MFA Module Breakdown
Year 1
Module One: Performance Skills
This module is focused on the training of the individual within the ensemble and includes skills in movement, voice, devising, play, comedy, and improvisation which are taught through a series of practical workshops, projects, performances, laboratory-based activities, projects, lectures and seminars.
The module takes a physical approach to making theatre and working with text.
This module aims to systemically develop, deepen, and challenge your practice, knowledge, and understanding of performance and making theatre, through exposure to inter-disciplinary and hybrid forms of performance training and creation.
Module Two: Performative Writing/Vade Mecum
This module provides the theoretical and academic underpinning for the developing practice explored across all modules.
The module offers a particular lens through which to enhance, deepen, and inform your understanding of theatre as a historical, and contemporary cultural and social phenomenon.

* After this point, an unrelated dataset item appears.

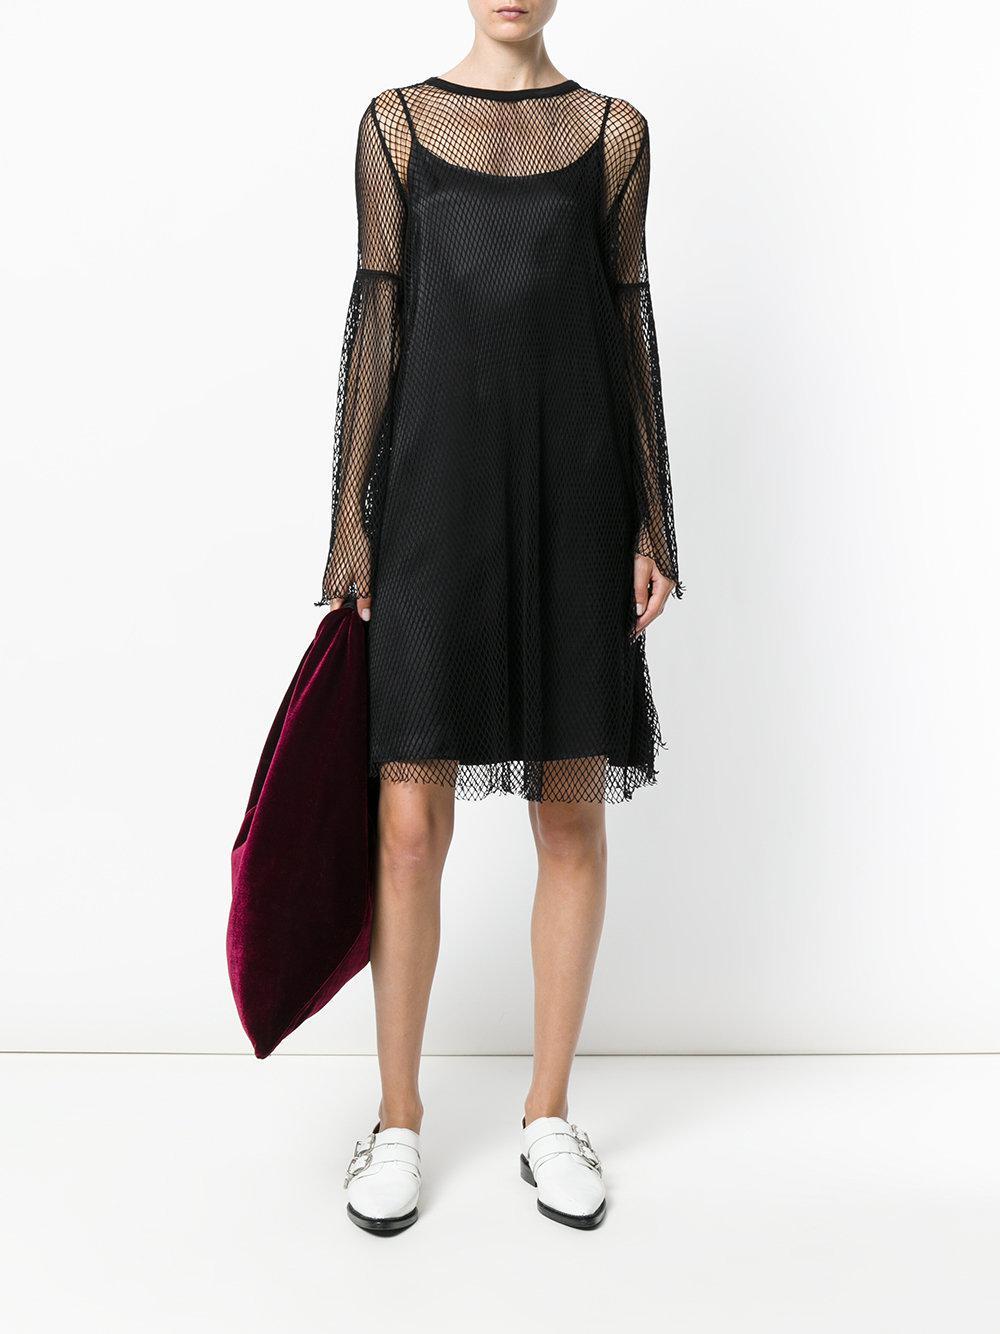 Black Mesh Dress Maison Martin Margiela DLaHV
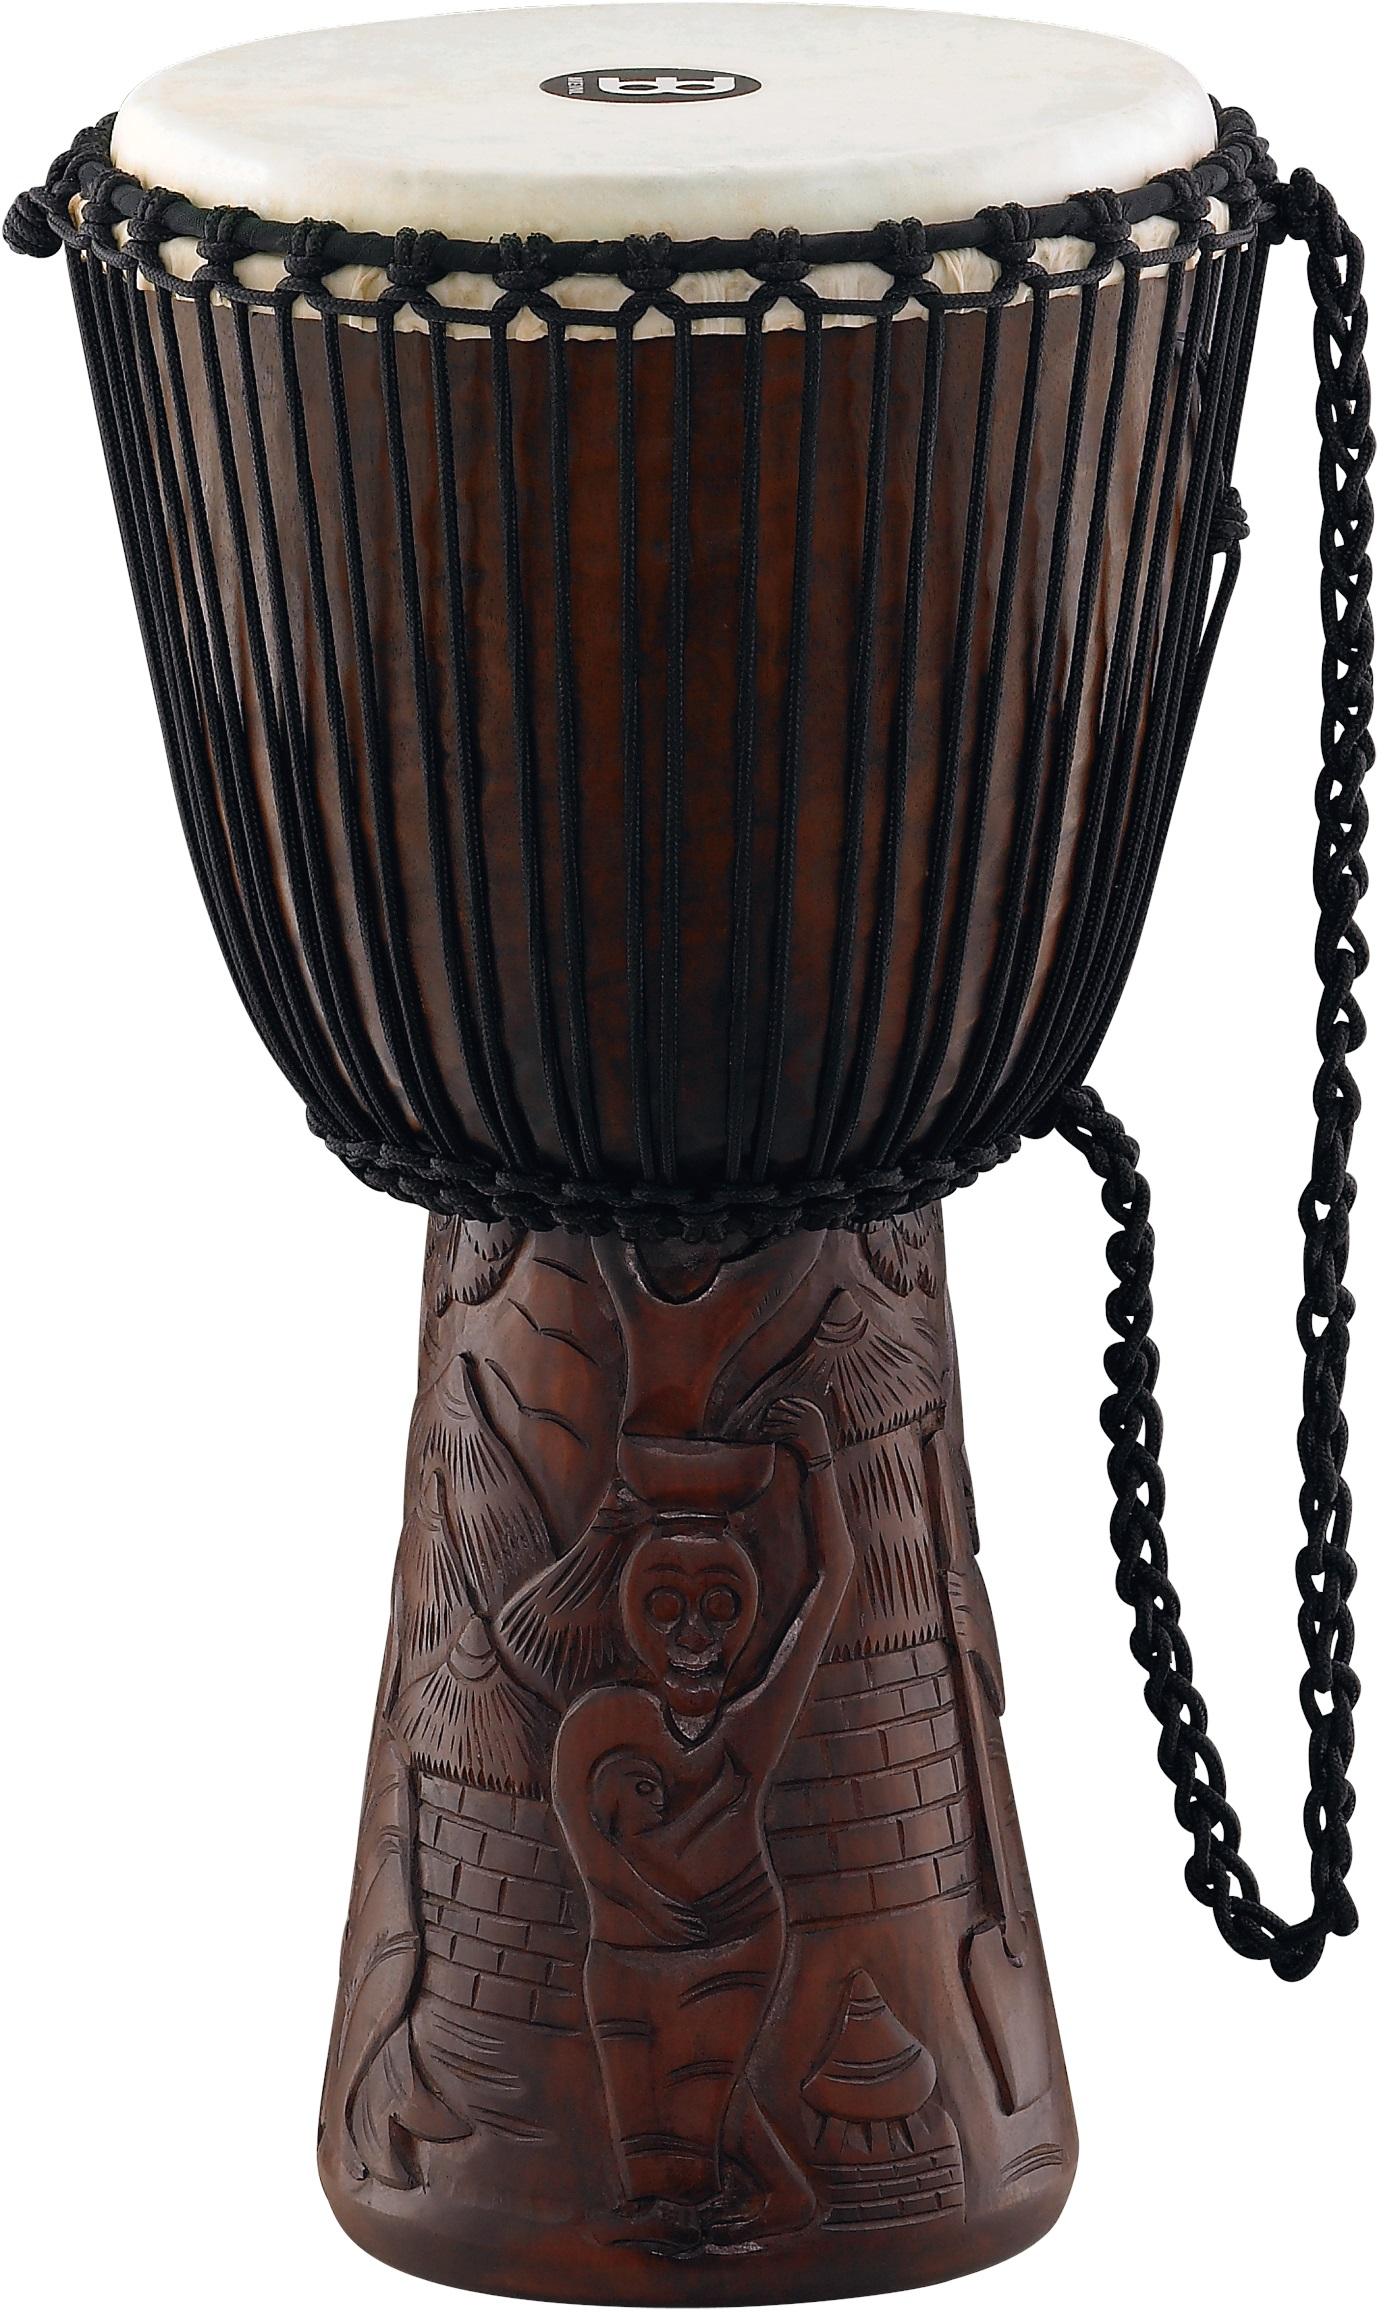 Meinl PROADJ2-L Professional African Series African

In particular, you will explore different modes of research and reflection through; practice as research, the study of subject-specific literature and performance, verbal discourse, and developmental and critical modes of writing.
Active research is a fundamental principle engendering the evolution of one’s own practice and professional aesthetic. London offers not only a wealth of international theatre work, but also opportunities to work with and participate in workshops, events, performances, seminars, and symposiums in related fields.
Module Three: Director, Writer, Performer as Theatre Maker
The first half of this module will focus on performance-making through three different lenses; that of the director, the writer, and the performer.
Collaborative work in the second half of the module begins with a process of devising a performance focussing on telling stories through performance, visual image, physical theatre, writing, sound, and music. The module culminates in a production devised by the ensemble working with a range of skills and theatre disciplines and so there is collaboration across forms as well as between individuals.
Year 2
Module Four: The Widening Field
This module focuses on processes of research and development aimed at realizing individualized specialist practice with the view that it ultimately achieves professional validity and viability. The module is deliberately open and flexible as each student’s journey will develop its own pathway.
The module is based on self-directed study, research into the industry, and work-based learning through talks/presentations/ seminars throughout the year prior to the attachment. Students are supported in seeking appropriate work-based learning opportunities either with the College’s creative partners, their own contacts, new initiatives with appropriate organizations or ensemble companies, or working within appropriate internal placement opportunities.
There will be four taught weekends that offer the opportunity to test and trial the state of your practice with tutor/mentor/peer feedback and input. These weekends will be focused on supporting the progressive development of each student’s emerging project.
Module Five: Final Independent Project
The final module facilitates the creation of your original creative work. This may be a performance, a conceptual paper, or a multi-dimensional proposition of a project that you have developed, and pitched to professional organizations; it may be the practical articulation of your own practice or a model and vision for your future organization.